Excellent Point! I definitly need to do that.

Thanks everyone one for the info. I think I will skip the pine shavings for at least the first week and put the carboard down with paper towels on top of that......
 
Put down paper for the 1st week or so until you know that all the chicks are feeding and drinking. Each day you can add another layer of paper right on top of the previous day's layer. This will keep the mess down and the chicks won't be pecking at their fecal material and getting it all over them.

Once all the chicks are drinking and eating properly and all looks good, just roll up the layers of paper and throw it all away, The chicks will then be on woodshavings...or whatever you had under the paper.
 
I just hatched 32 last week. I put mine on Equine Fresh pellets. I have to say I love it. It has worked much better than pine shavings so far. No body is scratching shavings into the water. If one of the pellets does get into the water it just dissolves into a fine crumble like the chick starter.
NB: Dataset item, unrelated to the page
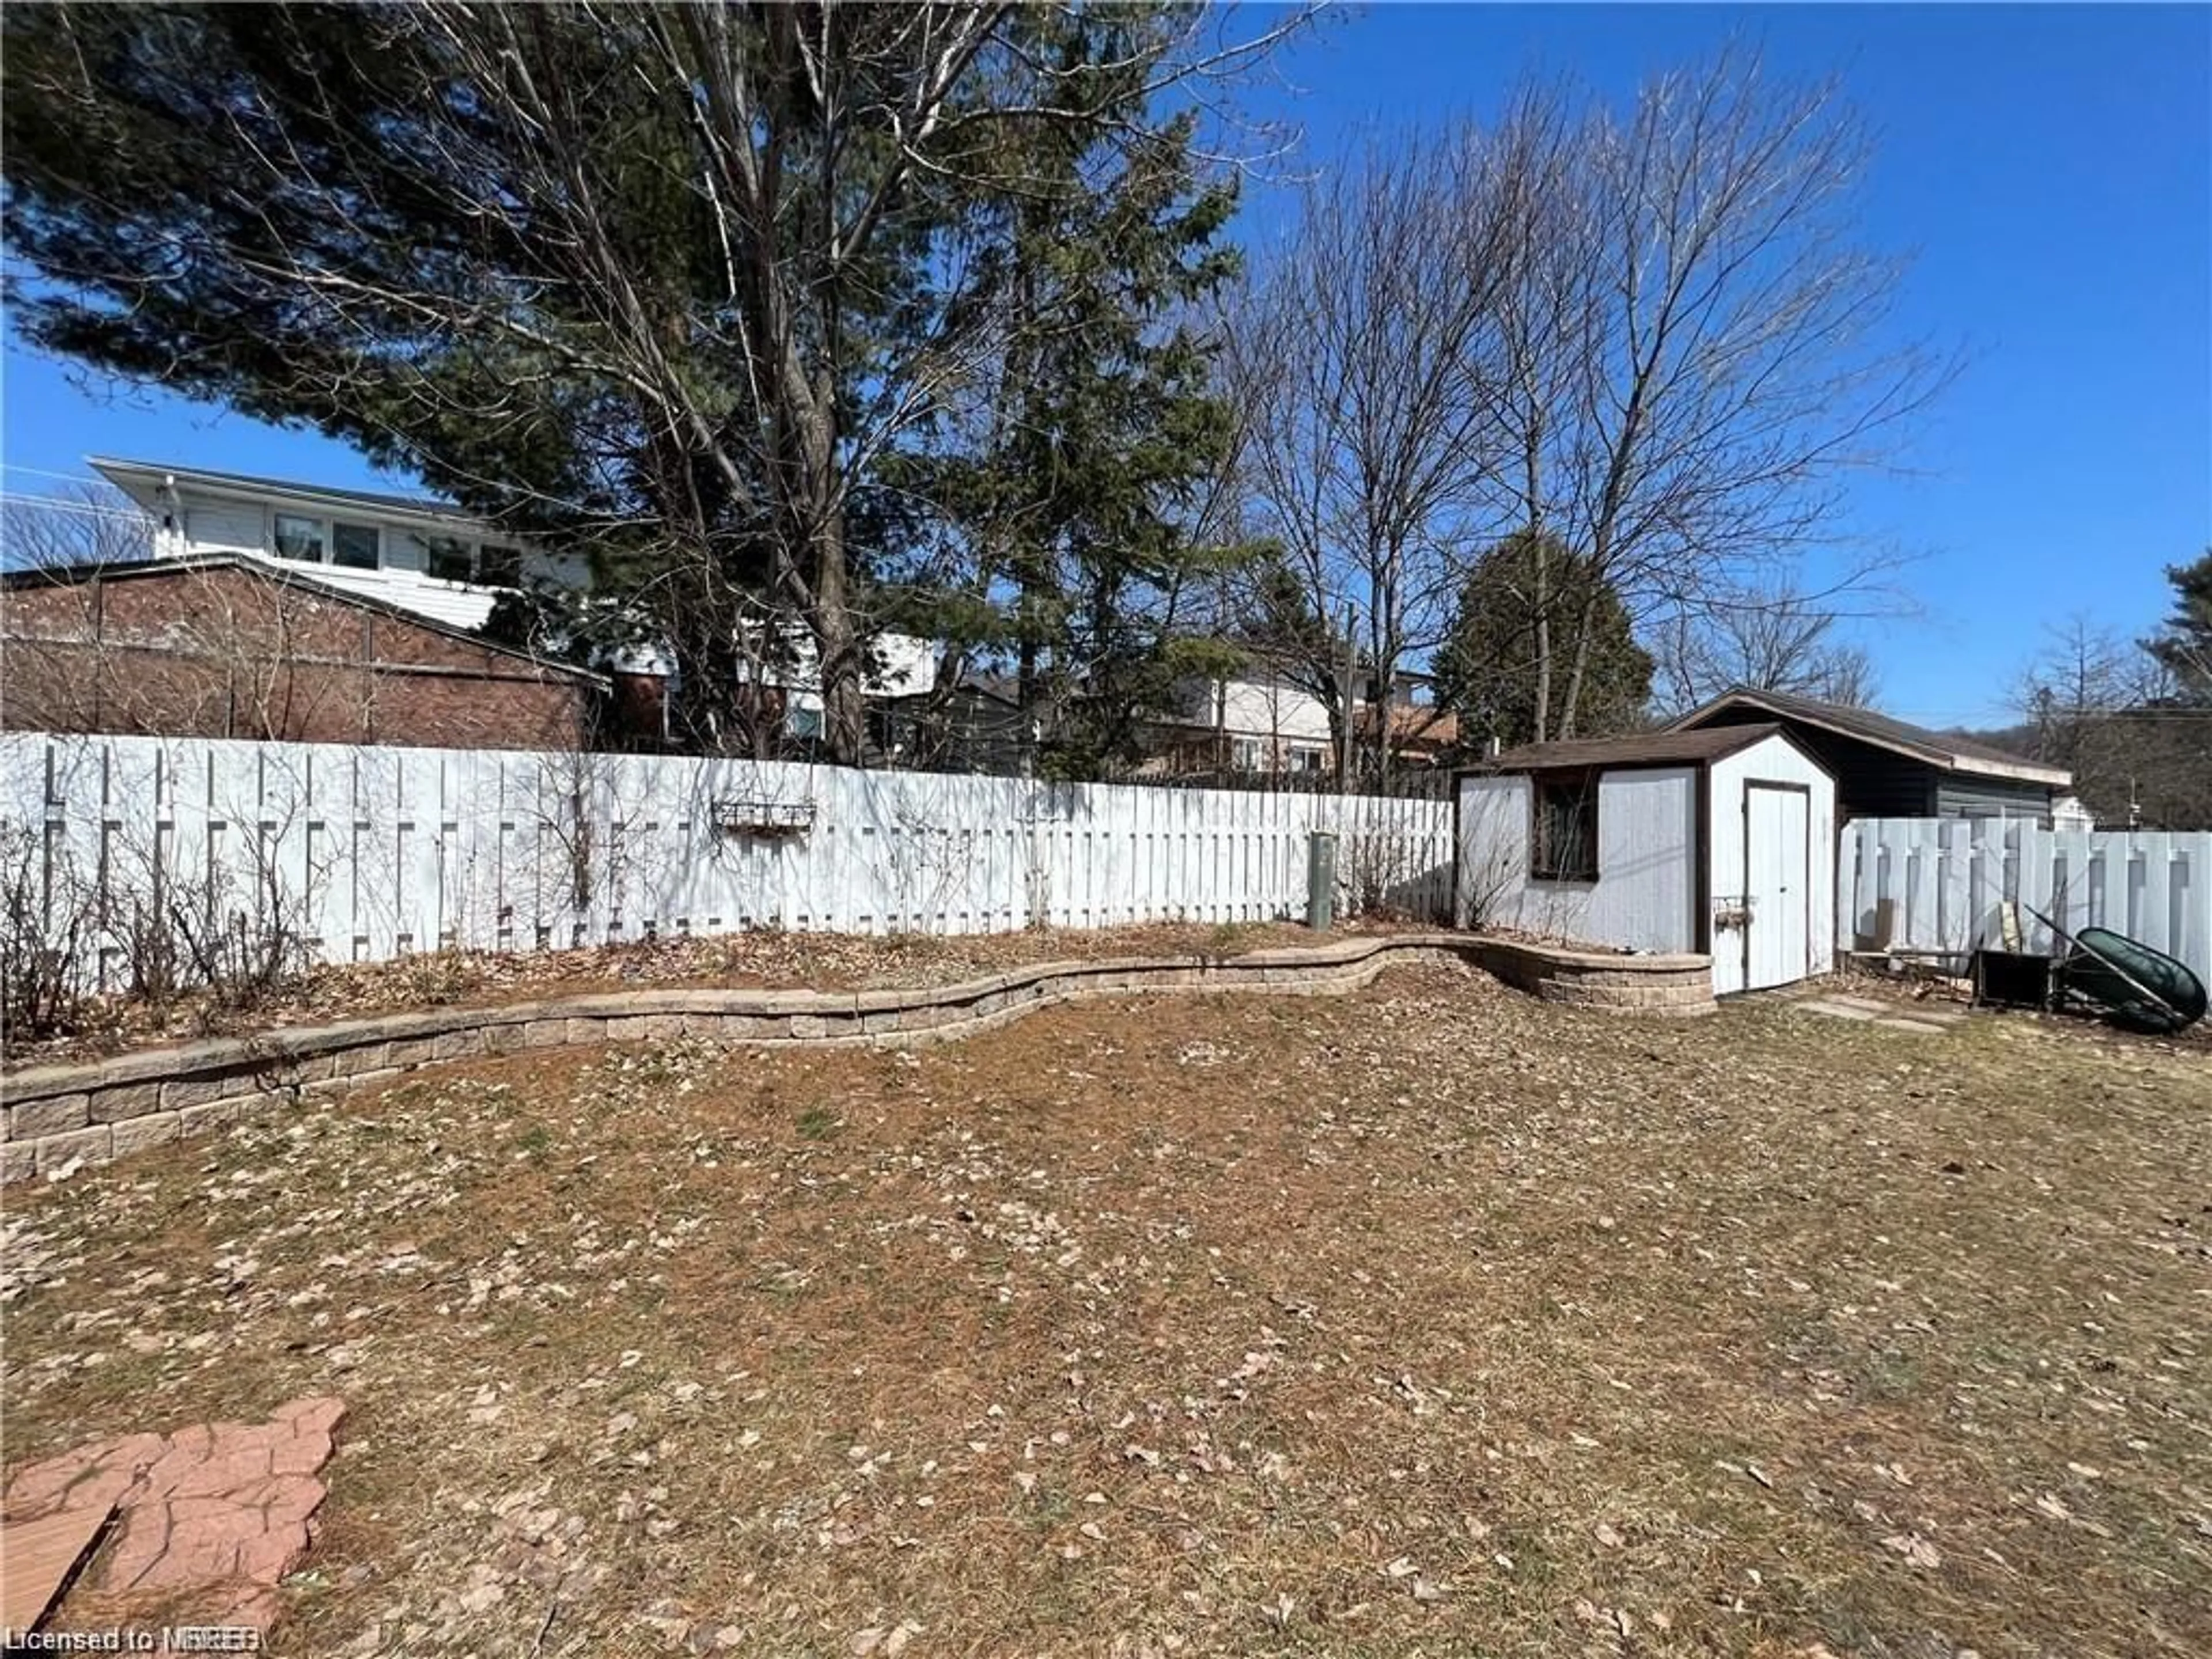 Fenced yard for 88 Beverly Rd, North Bay Ontario P1B 7P8

No smell so far and you can't even see the poop. The chicks are scratching through and eating the starter they have kicked out onto the floor of the brooder. I have a chick feeder and a couple of very shallow dishes with feed in them for the smaller chicks as they are reluctant to stick their heads into the feeder in the beginning.

I would highly recommend the pellets. This is my third batch of chicks, and the pellets are working much better than the shavings for me.